This invention relates to magnetic heads used in magnetic recording devices, such as magnetic disk or floppy disk devices, for magnetically writing and reading data from recording medium.
Reference is made to FIGS. 12-17 wherein a conventional magnetic head is shown.
FIGS. 12 and 13 are a side elevational view and a top plan view of a conventional magnetic head such as shown in U.S. Pat. No. 4,646,184. This magnetic head includes a write/read head 1, an erase head 2, a gap 3, an erase gap 4, a central spacer 5, a magnetic core 6 with legs 6a, 6b forming the gap 3, a magnetic core 7 with legs 7a, 7b forming the gap 4, a write/read coil 8, an erase coil 9, and another magnetic material 10 having a magnetic flux density lower than that of the magnetic core 6. Gr is the read gap, Gw the write gap, and T the write/read track width.
FIGS. 14-16 illustrate the conventional magnetic head and the data track, the write operation, and the read operation, respectively, wherein 11, 11a, 11b, 11c, and 11d are the data track, 12a and 12b are the guard band between the data tracks, A is the direction in which the recording medium is advancing.
FIG. 17 is a block diagram of a write signal unit for controlling the magnetic head. The write signal unit includes a modulation circuit 13, a write amplifier 14, a control circuit 15, and an erase circuit 16.
In operation, a high-frequency write data signal is modulated in the modulation circuit 13 and amplified in the write amplifier 14, and transmitted to the write/read head 1 via the write read coil 8. The electrical signal in the write read coil 8 excites the magnetic core 6 of the write/read head 1 by electromagnetic induction. Part of the magnetic flux thus produced becomes leakage flux through the gap 3 to magnetize the recording medium for writing data thereon.
For reading the data, when the write/read head 1 moves over the recording medium, the leakage flux enters the magnetic core 6 via the gap 3 and interlinks with the coil 8 to induce a voltage therein.
Thus, the material and width of the gap 3 have great influences on the write/read characteristics. For writing, the gap and the saturated flux density of the core 6 should be large and high respectively. For reading, the gap should be small in order to pick up accurately changes of the leakage flux from the recording medium. In this case, the saturated flux density of the magnetic core 6 may be low. The write head and the read head are used to be separated but, today, they are integrated as a write/read head. Thus, today's gap of the write/read head is not an ideal but a compromise of those for write and read heads.
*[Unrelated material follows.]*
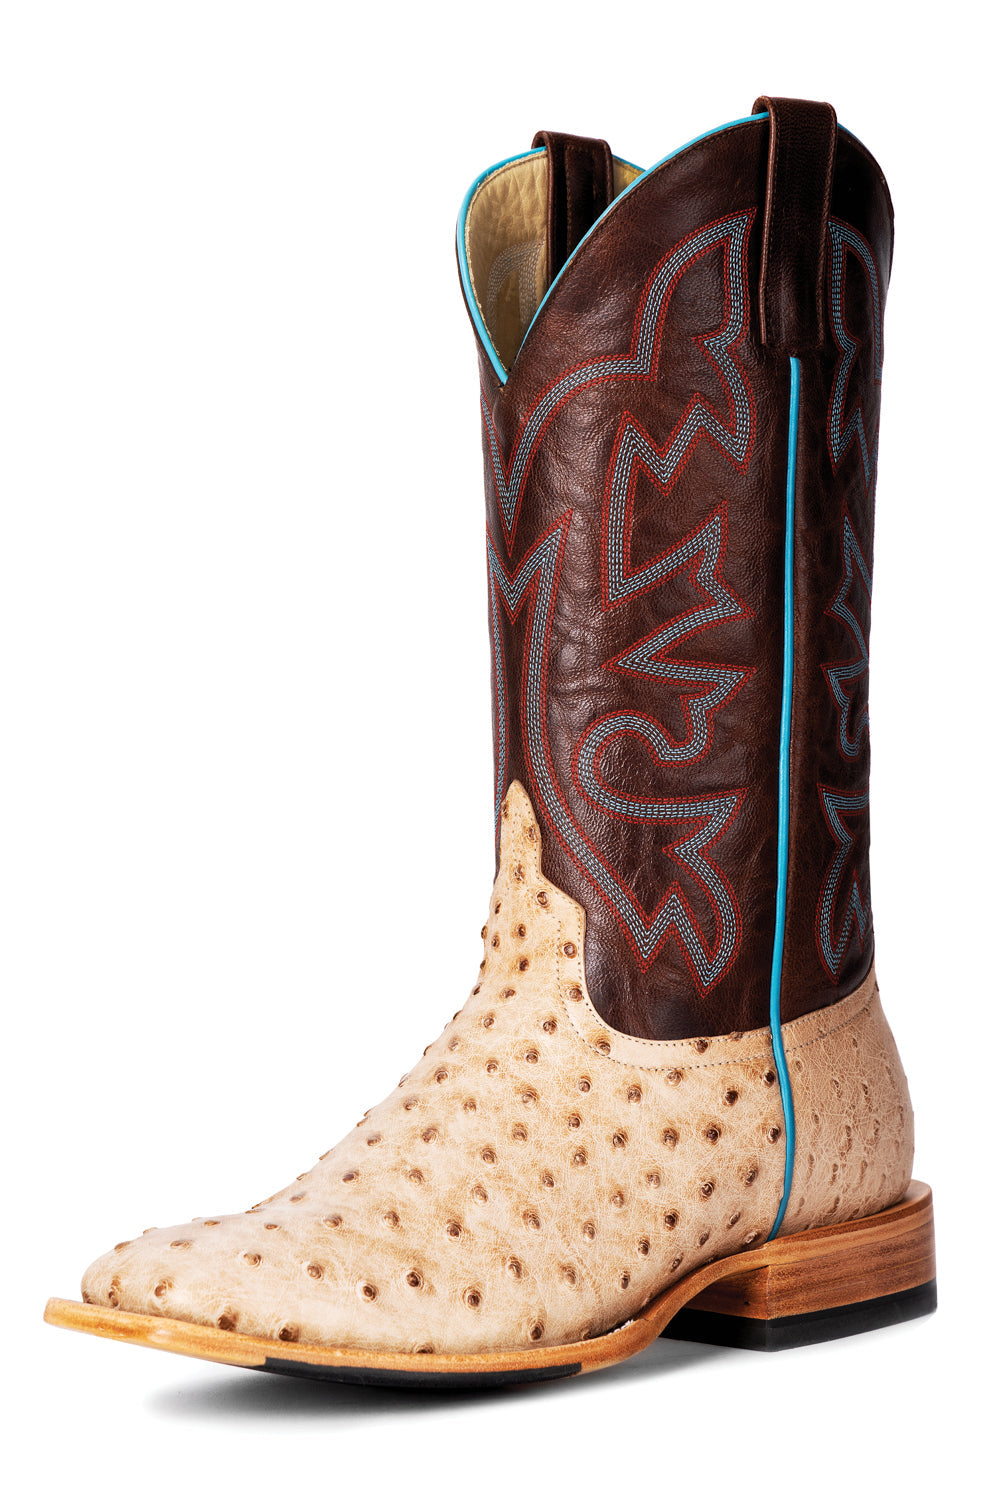 Women's Anderson Bean Denim Blue Full Quill Ostrich Western Boots  *Exclusive Style - The Boot Store

The aforementioned write/read head 1 has been developed to improve this drawback. The magnetic material 10 having a saturated flux density lower than that of the magnetic core 6 is secured to the end face 6x of a core leg 6a so that the write gap Gw made by the ends faces 6x, 6y of the legs 6a, 6b is used for writing while the read gap Gr made by the magnetic material 10 and the end face 6y of the leg 6b is used for reading. That is, during writing, the amount of leakage flux from the wide gap Gw made of the magnetic core of a high saturated flux density becomes large so that the recording medium is highly magnetized. On the other hand, during reading, the narrow gap Gr made of a magnetic material of low saturated flux density makes it possible to follow small changes in the leakage flux from the recording medium.
As shown in FIGS. 12 and 13, the erase head 2 is integrated with the write/read head 1 via the central spacer 5 to form a magnetic head. The erase head 2 has two erase gaps 4 about either end of the write/read track width T of the write/read head 1. When the write/read head 1 writes a data signal, the erase circuit 16 receives a signal from the control circuit 15 to supply electric current to the erase coil 9, thereby operating the erase head 2.
FIG. 14 illustrates that the erase head 2 is erasing both edge portions of the data track 11 on which the data signal has been written by the write/read head 1. In general, when writing and/or reading data signals from the recording medium is repeated or carried out in another device, the magnetic head gets out of position. Consequently, not all part of a data signal is erased as a new data signal is written. This remaining signal or a signal from the adjacent track makes noise during reading. For this reason, the both edges of a data track on which a data signal has been written are erased to eliminate this noise.
As shown in FIG. 15, there are guard bands 12a, 12b between the data tracks 11a, 11b, 11c which are made by the erase head 2. Thus, when the write/read head 1 gets out of position on the track 11b to write the next data signal, the new data track 11d is protected by guard bands 12a, 12b, thereby preventing noise generation.
Aa shown in FIG. 16, even if the write/read head 1 is out of position on the track 11d for reading, it does not pick up noise or a signal from the adjacent track 11a because of the presence of the guard band 12a.
As has been described above, the conventional magnetic head, which consists of the write/read head 1 and the erase head 2, is complex and expensive to make. In addition, it requires the control circuit, erase circuit, and erase coil for operating the erase head, making the whole device complex and expensive.